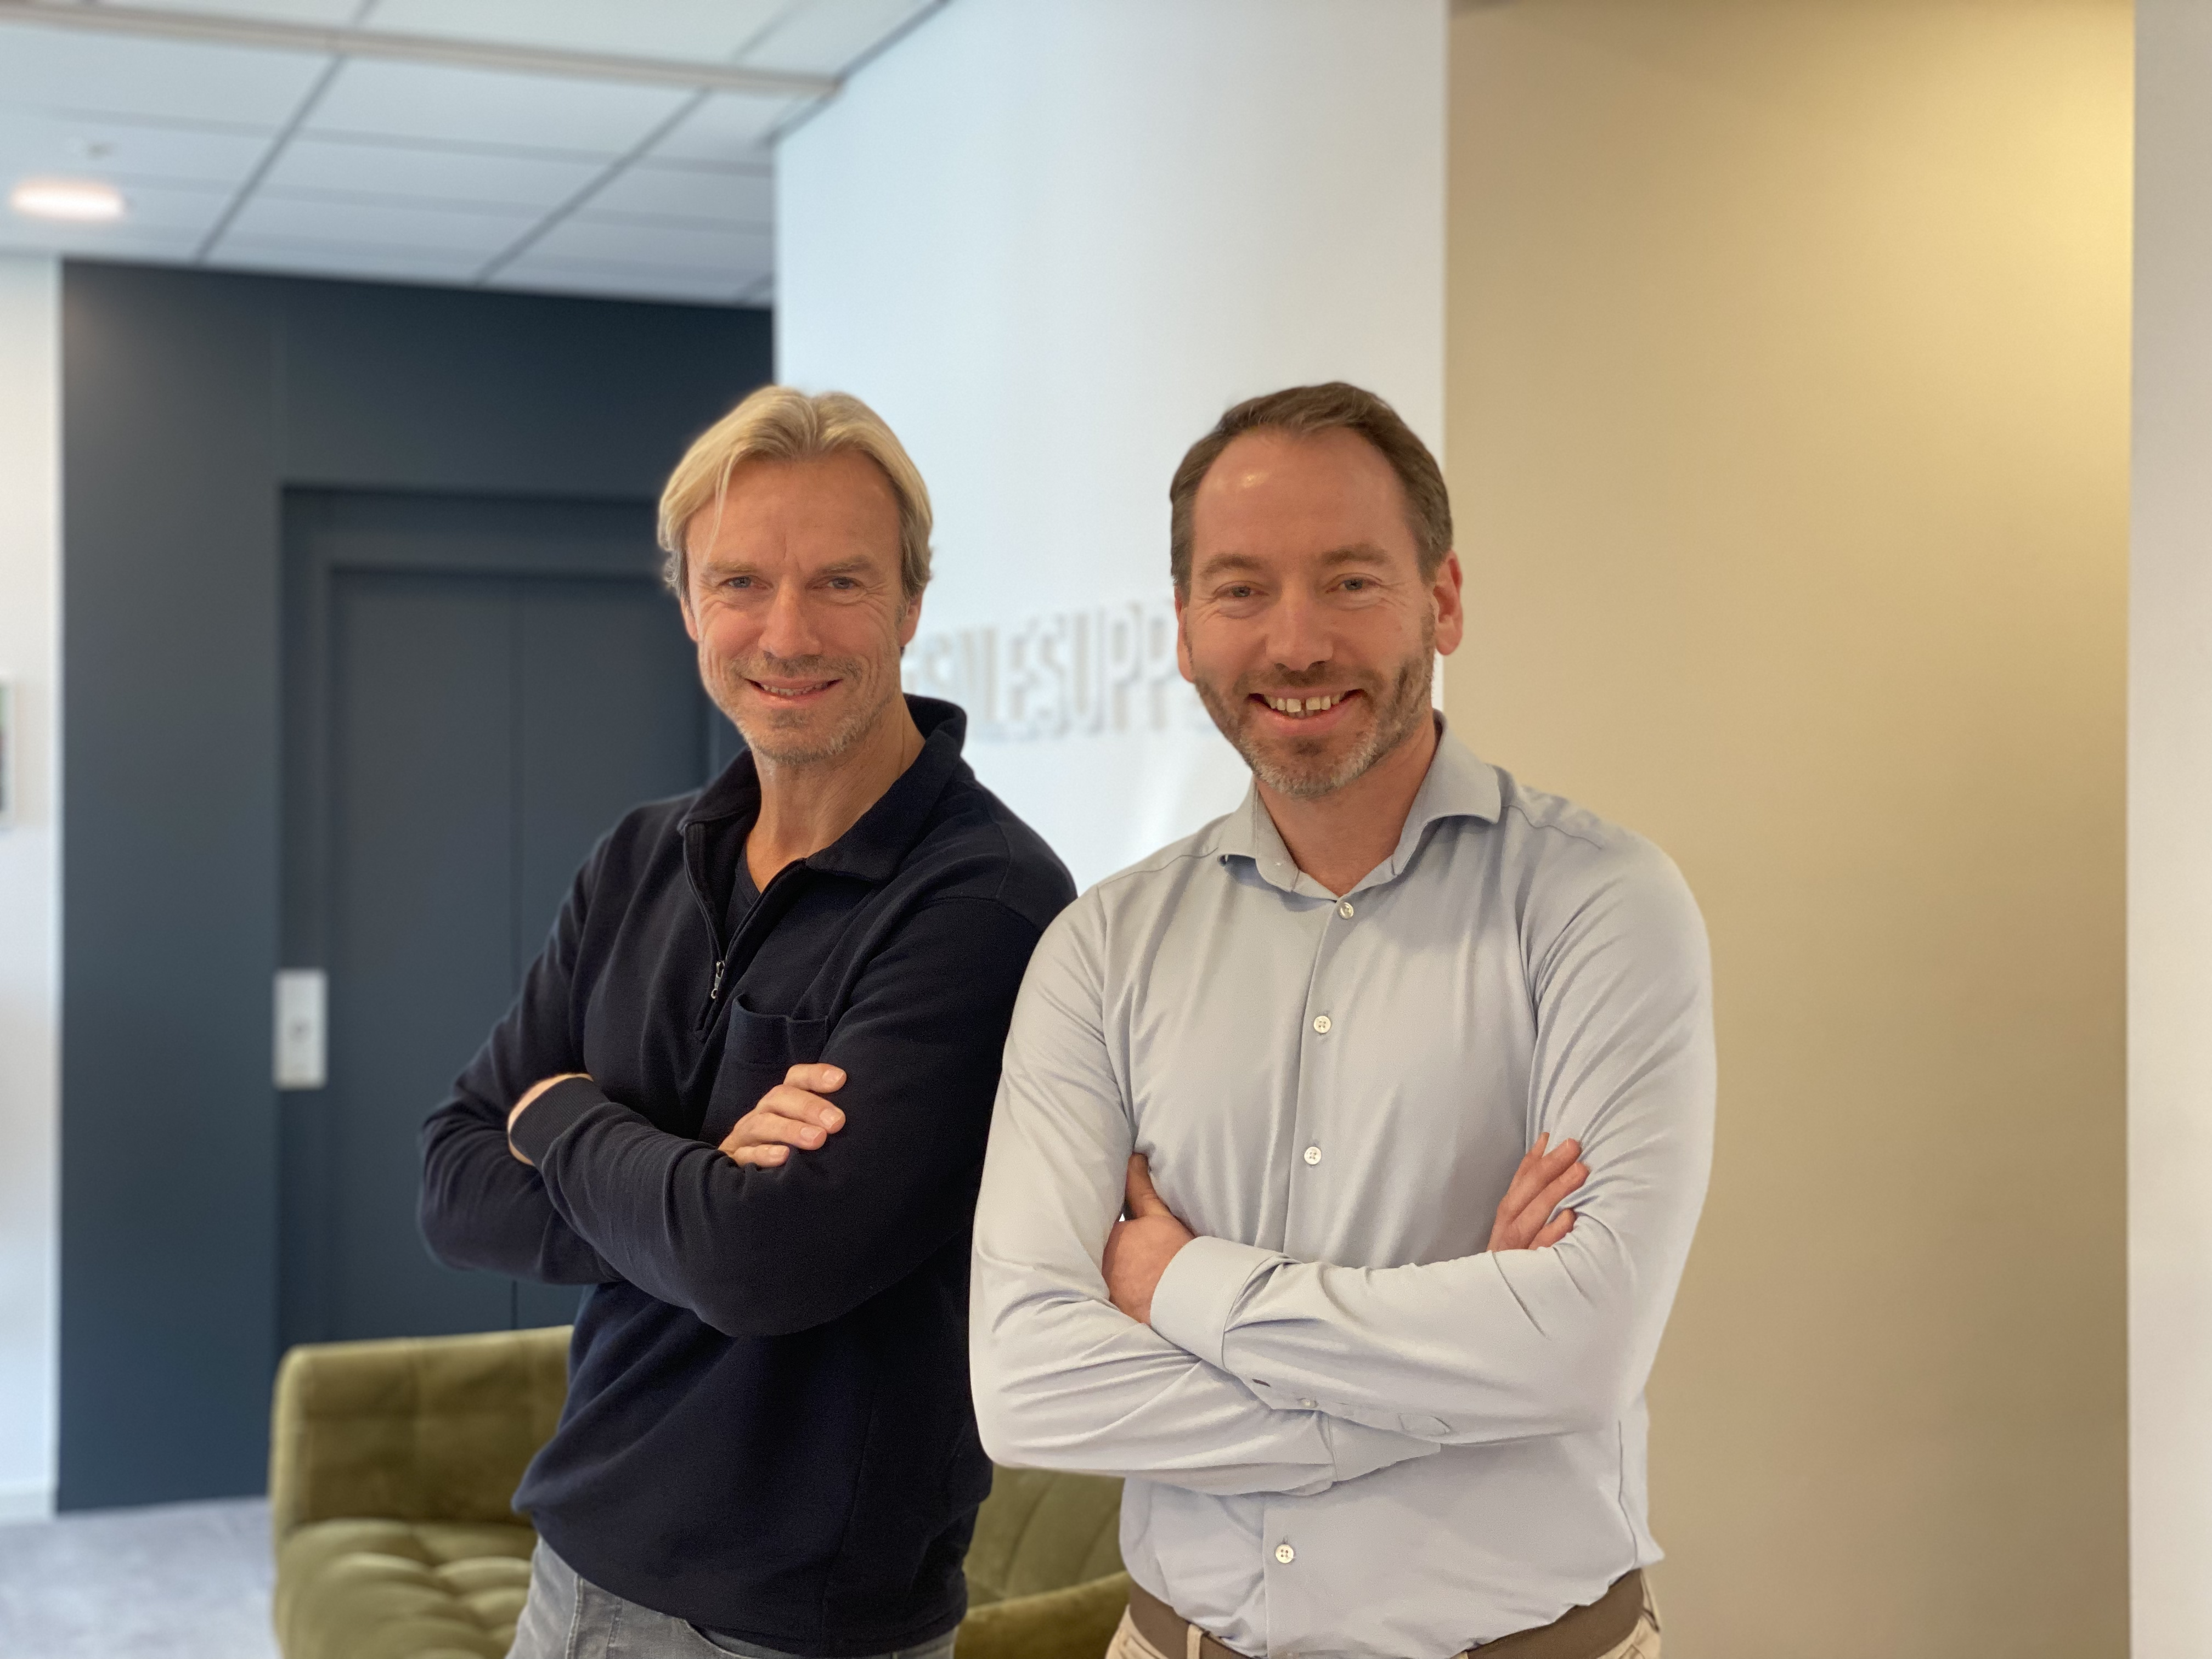 Jeroen Leenders and Tim Oosterbaan - co-founders of Salesupply
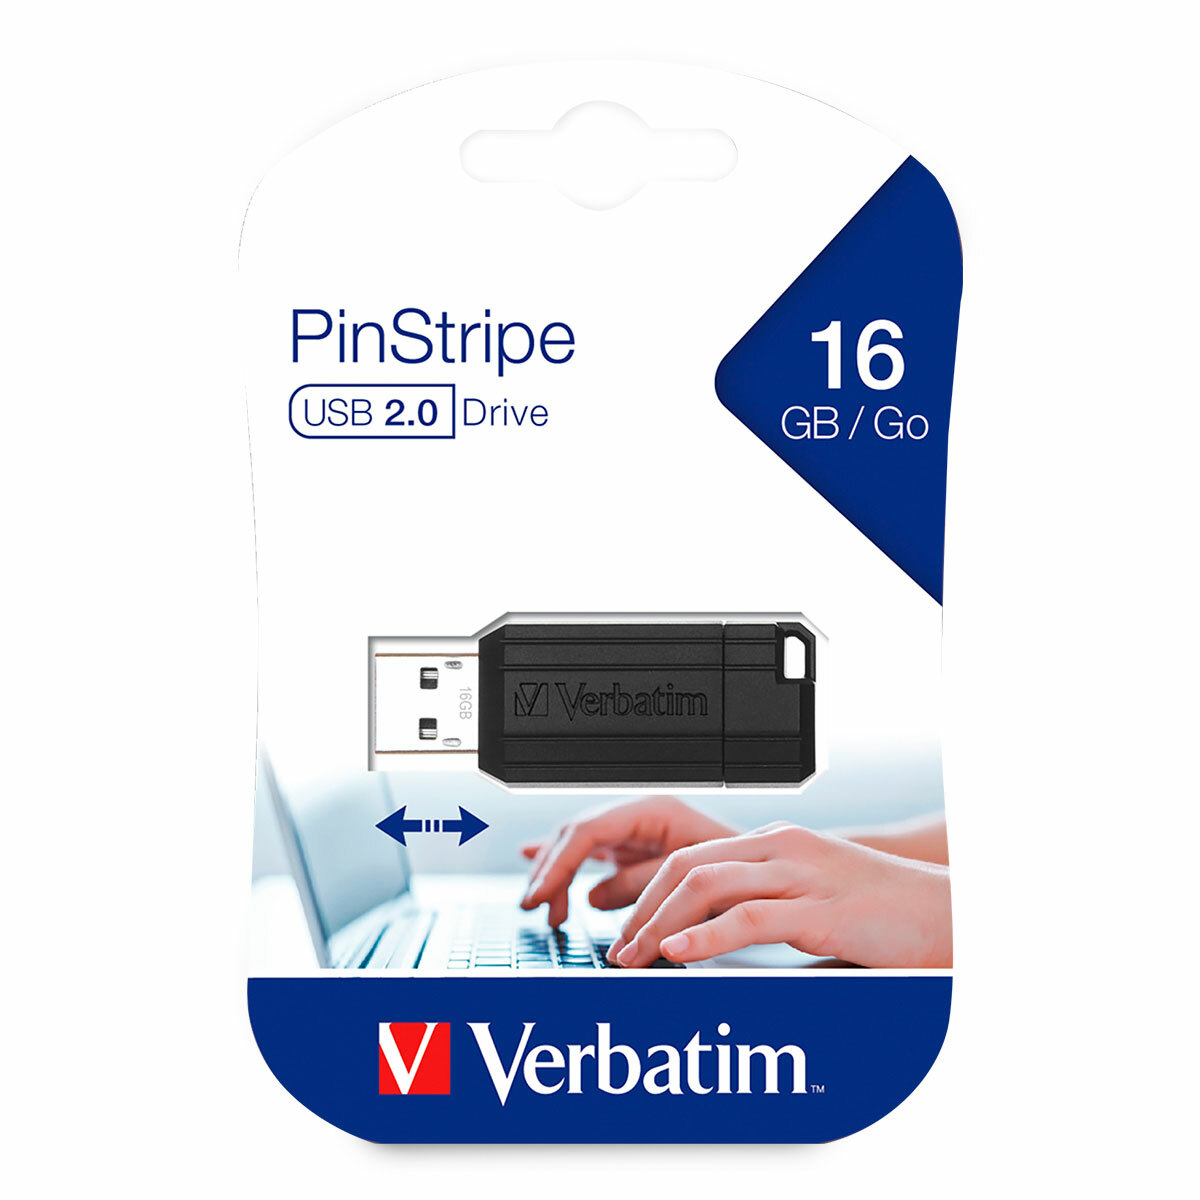 Memoria USB Verbatim Pinstripe 16GB Negro
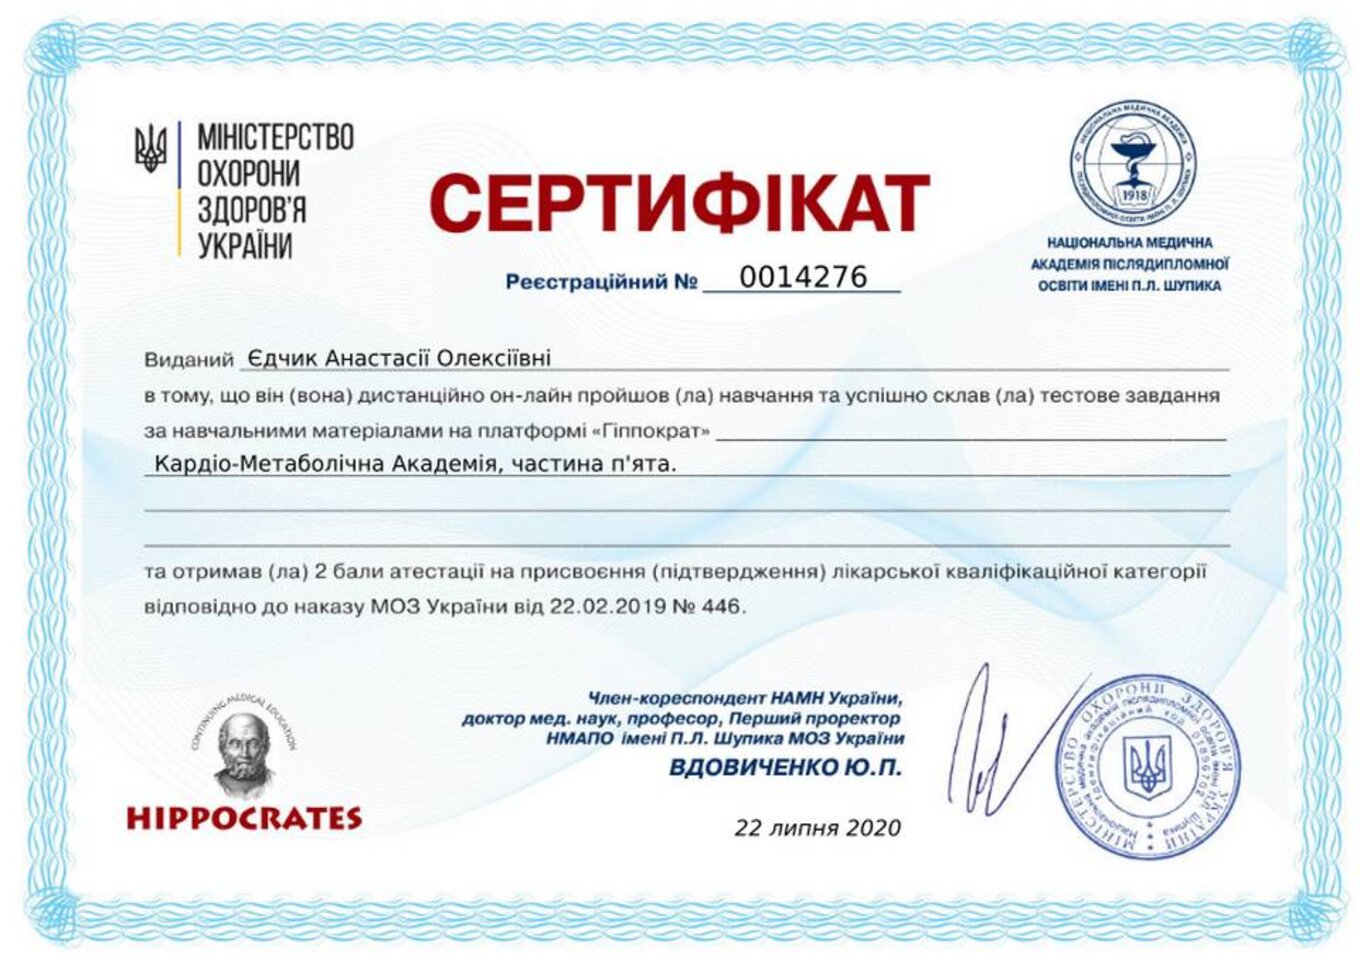 certificates/yedchik-anastasiya-oleksiyivna/erc-edchik-cert-63.jpg

*WHAT YOU SHOULD DO*. Your response should reproduce the entire listing verbatim, minus the pictures.

*ANSWER TO THE PROBLEM*.
 Jeroen Leenders and Tim Oosterbaan - co-founders of Salesupply
 Memoria USB Verbatim Pinstripe 16GB Negro
 certificates/yedchik-anastasiya-oleksiyivna/erc-edchik-cert-63.jpg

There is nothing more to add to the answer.